Running the Coverage analysis tool
To run the Coverage analysis tool:Toolbox | Resequencing Analysis () | Coverage Analysis ()
This opens the dialog shown in figure 25.24.
Figure 25.24: Select read mapping results.
Select a reads track or read mapping and click Next. This opens the dialog shown in figure 25.25.
Figure 25.25: Specify the p-value cutoff.
Set the p-value and minimum length cutoff.
Click Next and specify the result handling (figure 25.26). Selecting the "Create regions" will generate the annotation track, while selecting the "Create report" will generate the report described above. Both options are pre-selected by default.
Figure 25.26: Specify the output.
Open or save and click Finish.
An example of a track output of the Coverage analysis tool is shown in figure 25.27.

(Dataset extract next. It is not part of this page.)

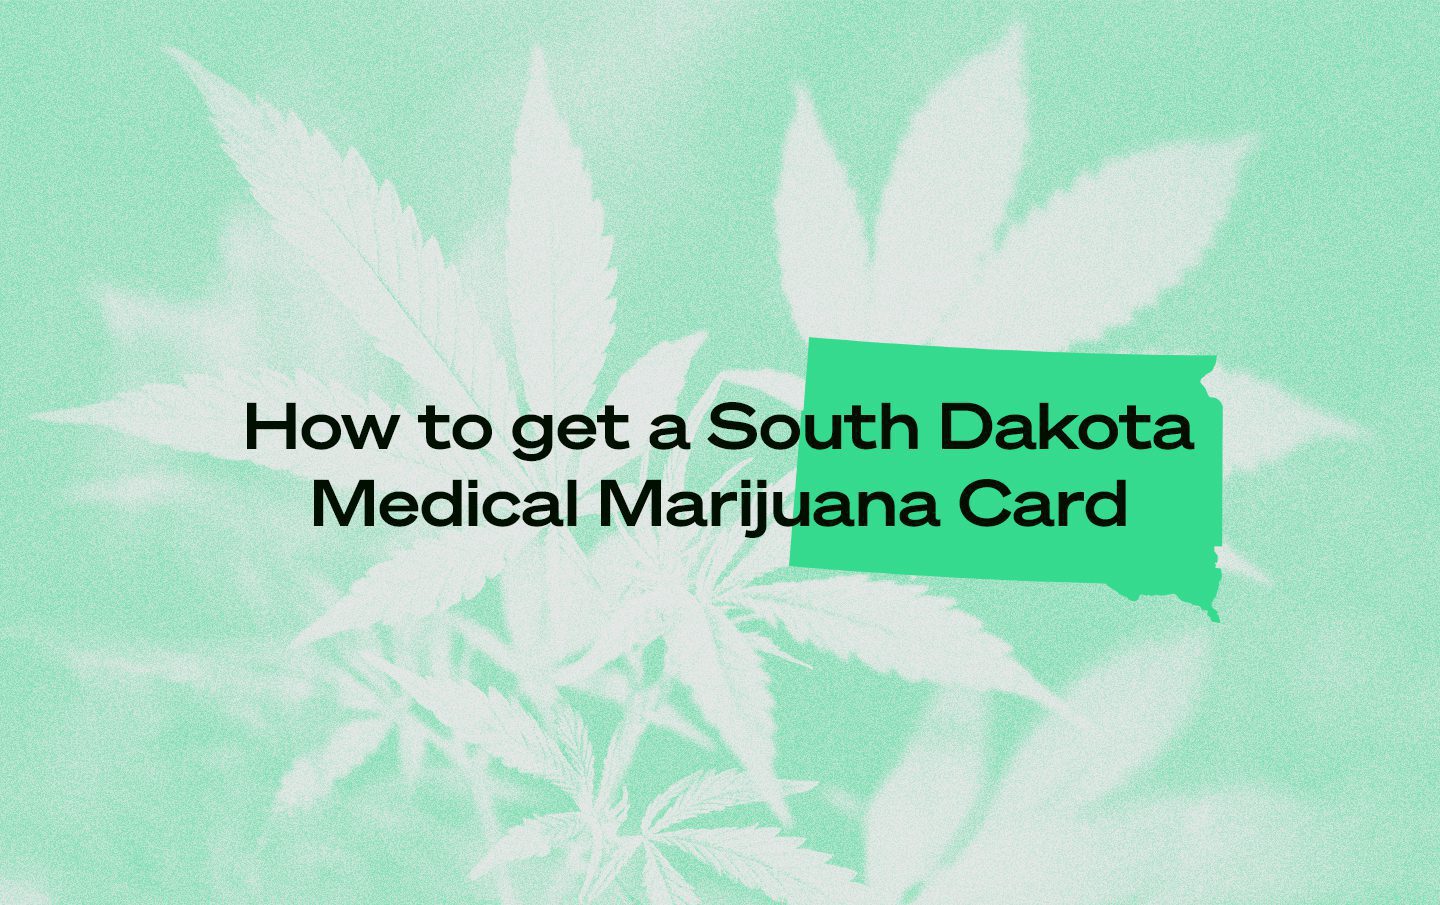 South Dakota medical marijuana card

Figure 25.27: An example of a track output of the Coverage analysis tool.
The Coverage Analysis table includes the following columns (figure 25.28):
- Chromosome
- The name is taken from the reference sequence used for mapping
- Region
- The start and end position of this region on the reference sequence
- Name
- The type of annotation: high or low coverage
- P-Value
- The calculated significance p-value for this region
- Length
- The length of the region
Figure 25.28: The table output with detailed information on each region.
For the visual inspection and comparison to known gene/transcripts or other kind of annotations, all region are also annotated on the read mapping.